Question

At what height above the Earth’s surface would the Earth’s gravitational field strength be equal to 7.5 N/kg?

Answer given: 915.8 km

Answer 1

This occurs at a distance of `7.3xx10^6` m from the centre of the Earth (which is 900 km from the surface).

Explanation:

Are we okay to start from the field equation for the Earth's gravitational field?

`g=(GM)/r^2` where M is the mass of the Earth.

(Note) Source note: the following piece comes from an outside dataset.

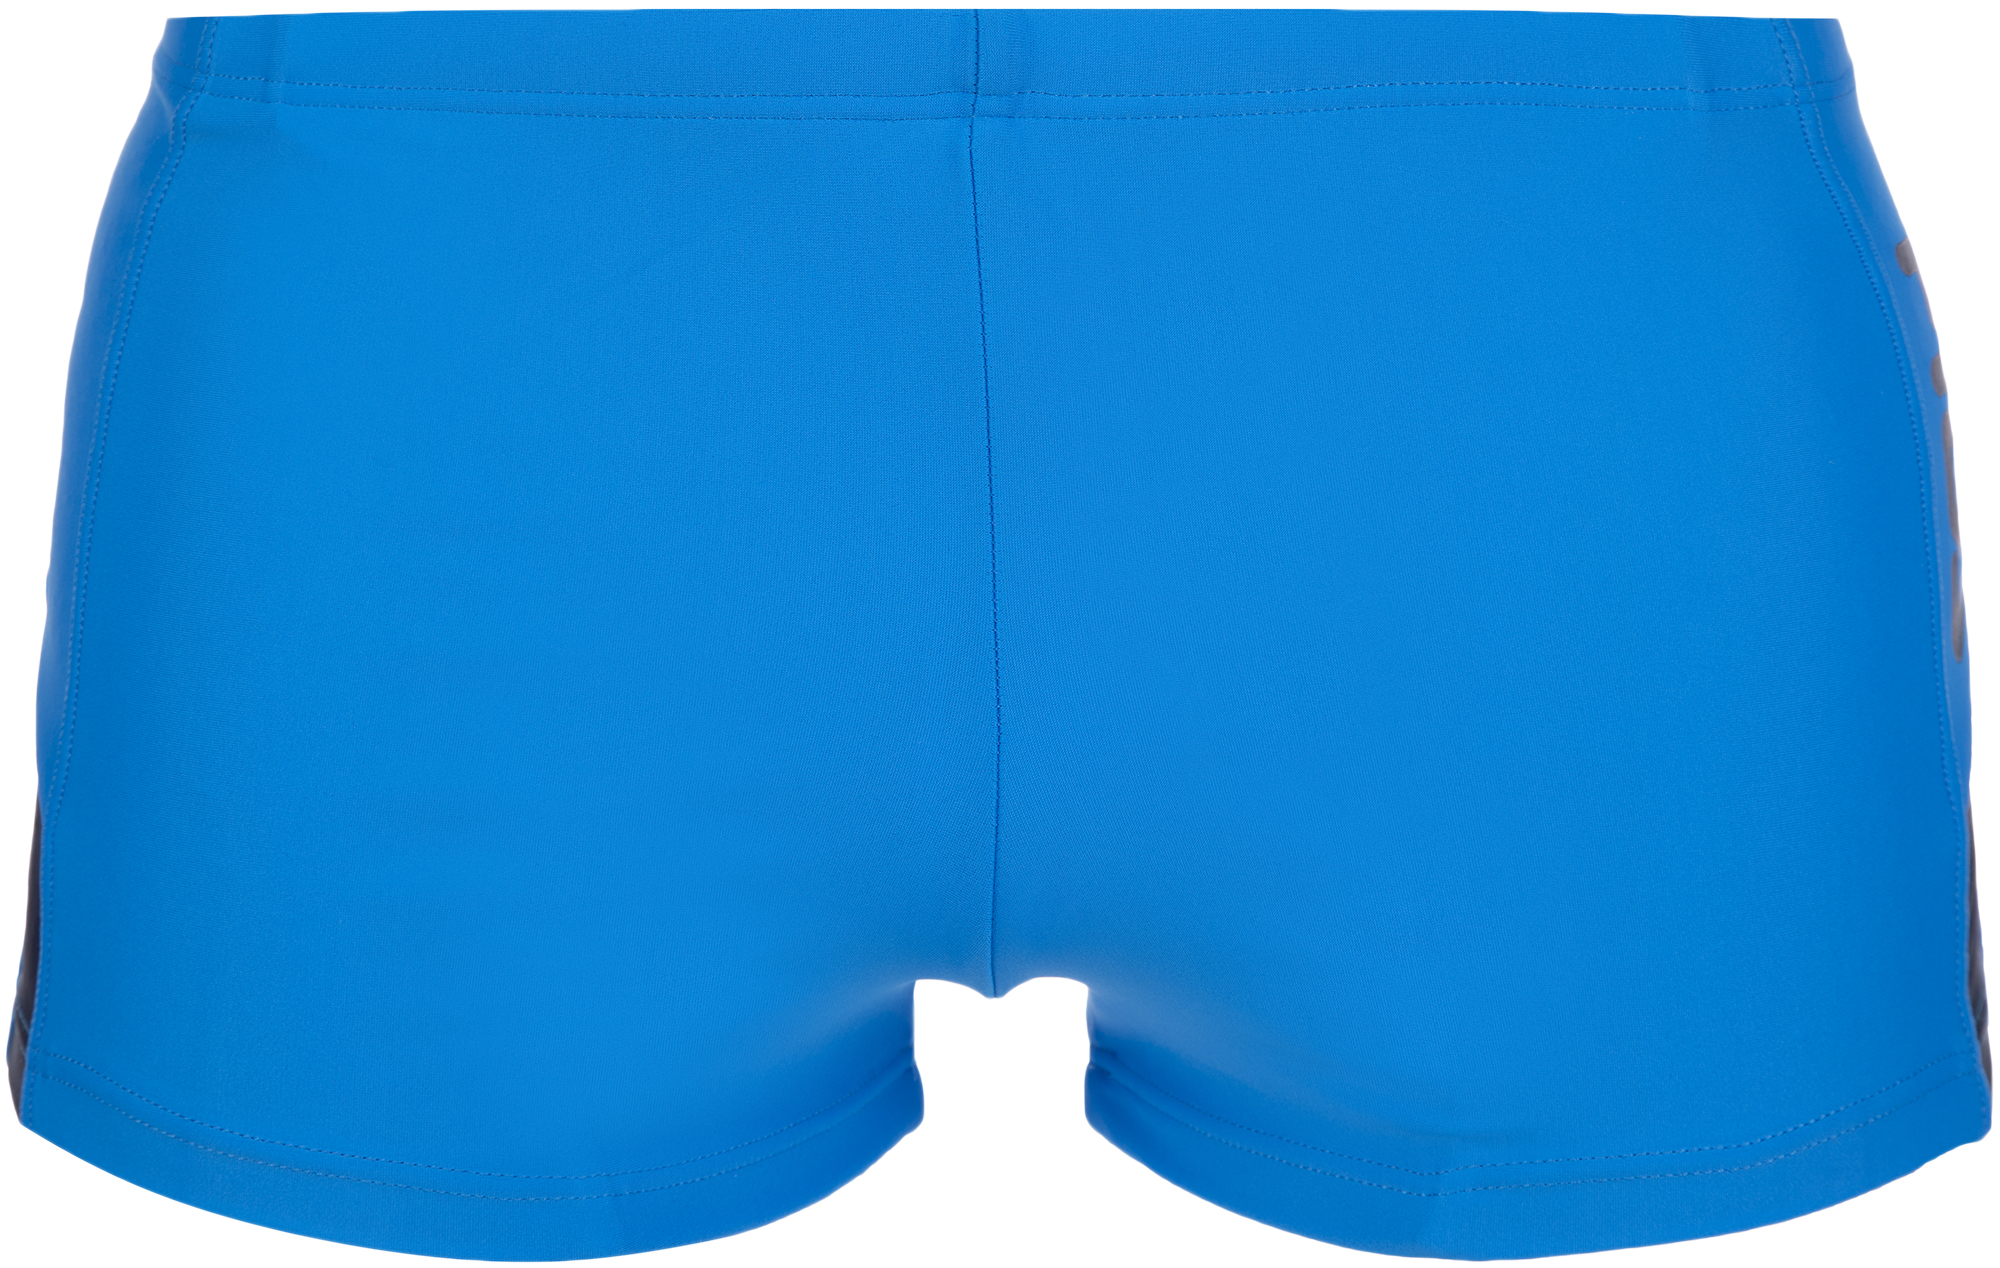 Fila Плавки-шорты мужские Fila, размер 56
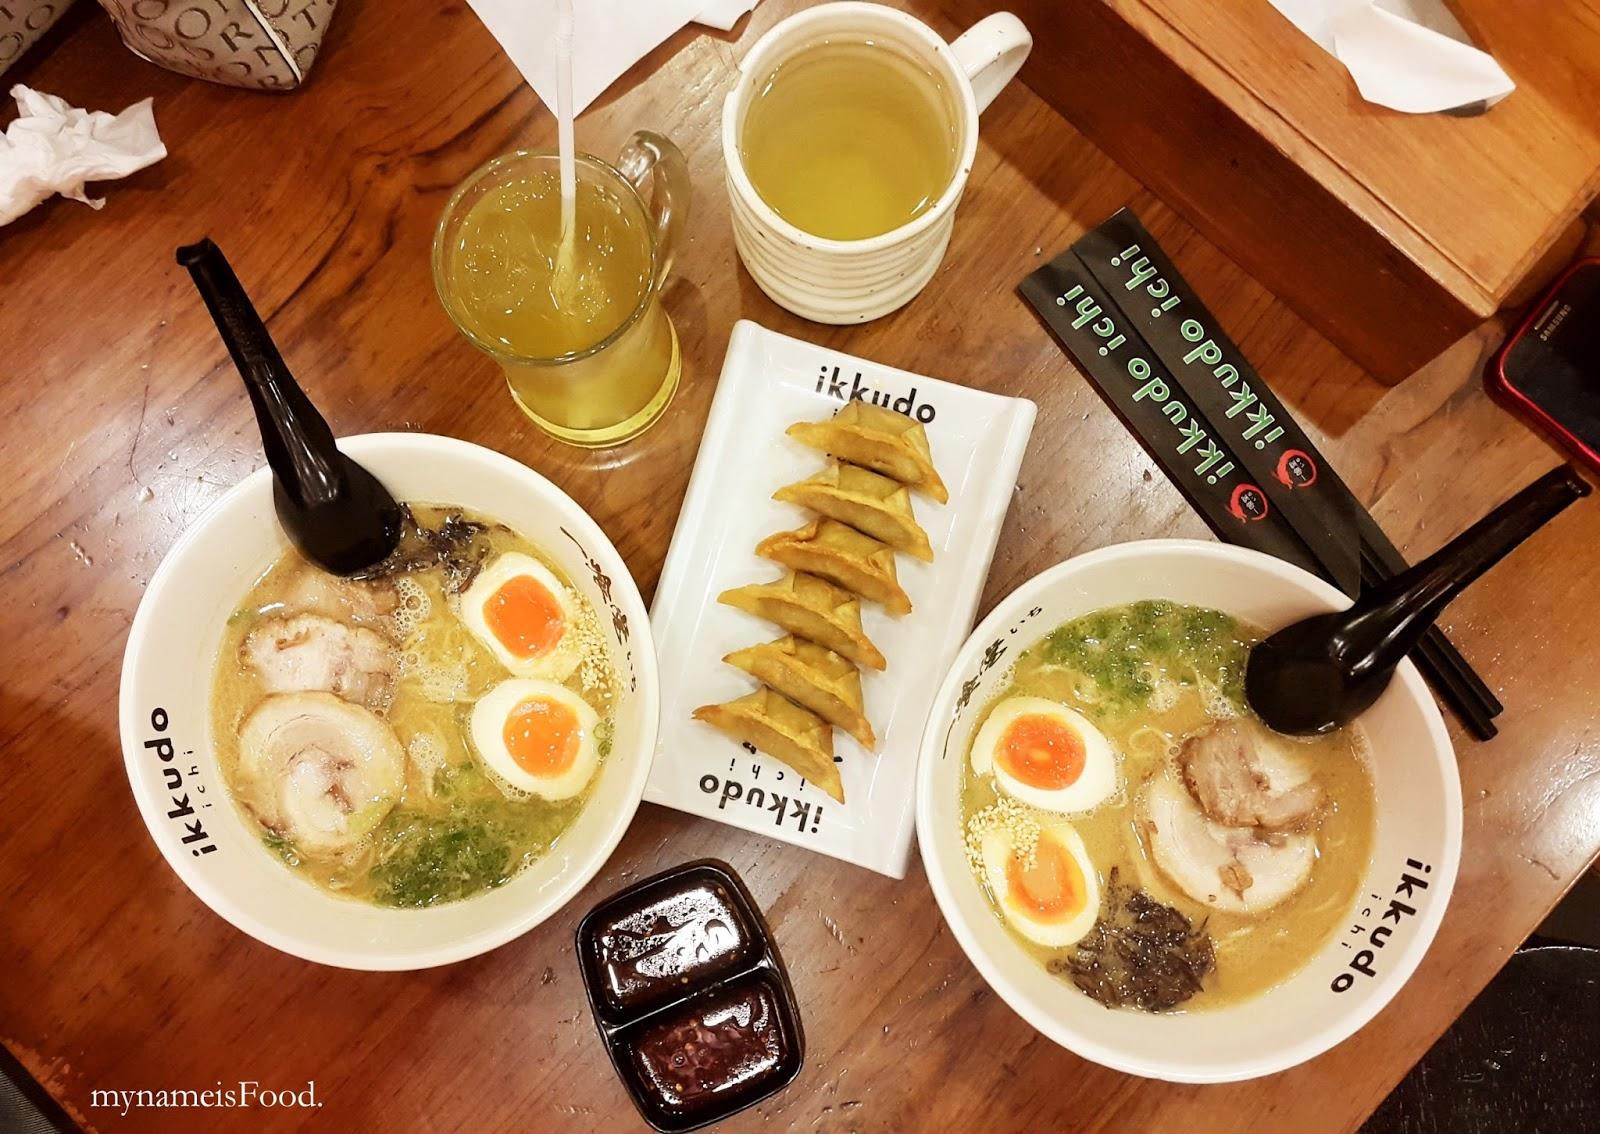 Ikkudo Ichi (c) my name is Food

What you do now, is change the subject of this equation so it solves for r:

`r = sqrt((GM)/g)`

Plug in the numbers, and you have it!

`r = sqrt(((6.67xx10^(-11))(5.98xx10^(24)))/7.5)`

= `7.3 xx 10^6` m

(By the way, since this value is from the centre of the Earth, and the radius of the Earth is `6.4 xx 10^6` m, we are looking at a point only 900 000 m (900 km) above the surface of the Earth.)

Answer 2

See below.

Explanation:

Given

`G = 6.673 10^(-11)`
`M_(earth) = 5.98 10^24`
`R_(earth) = 6.38 10^6` All in SI units.

We need the value of `r` such that

`(G M_(earth))/(R_(earth)+r)^2=7.5`

Solving for `r` we get

`r = 914.2` Km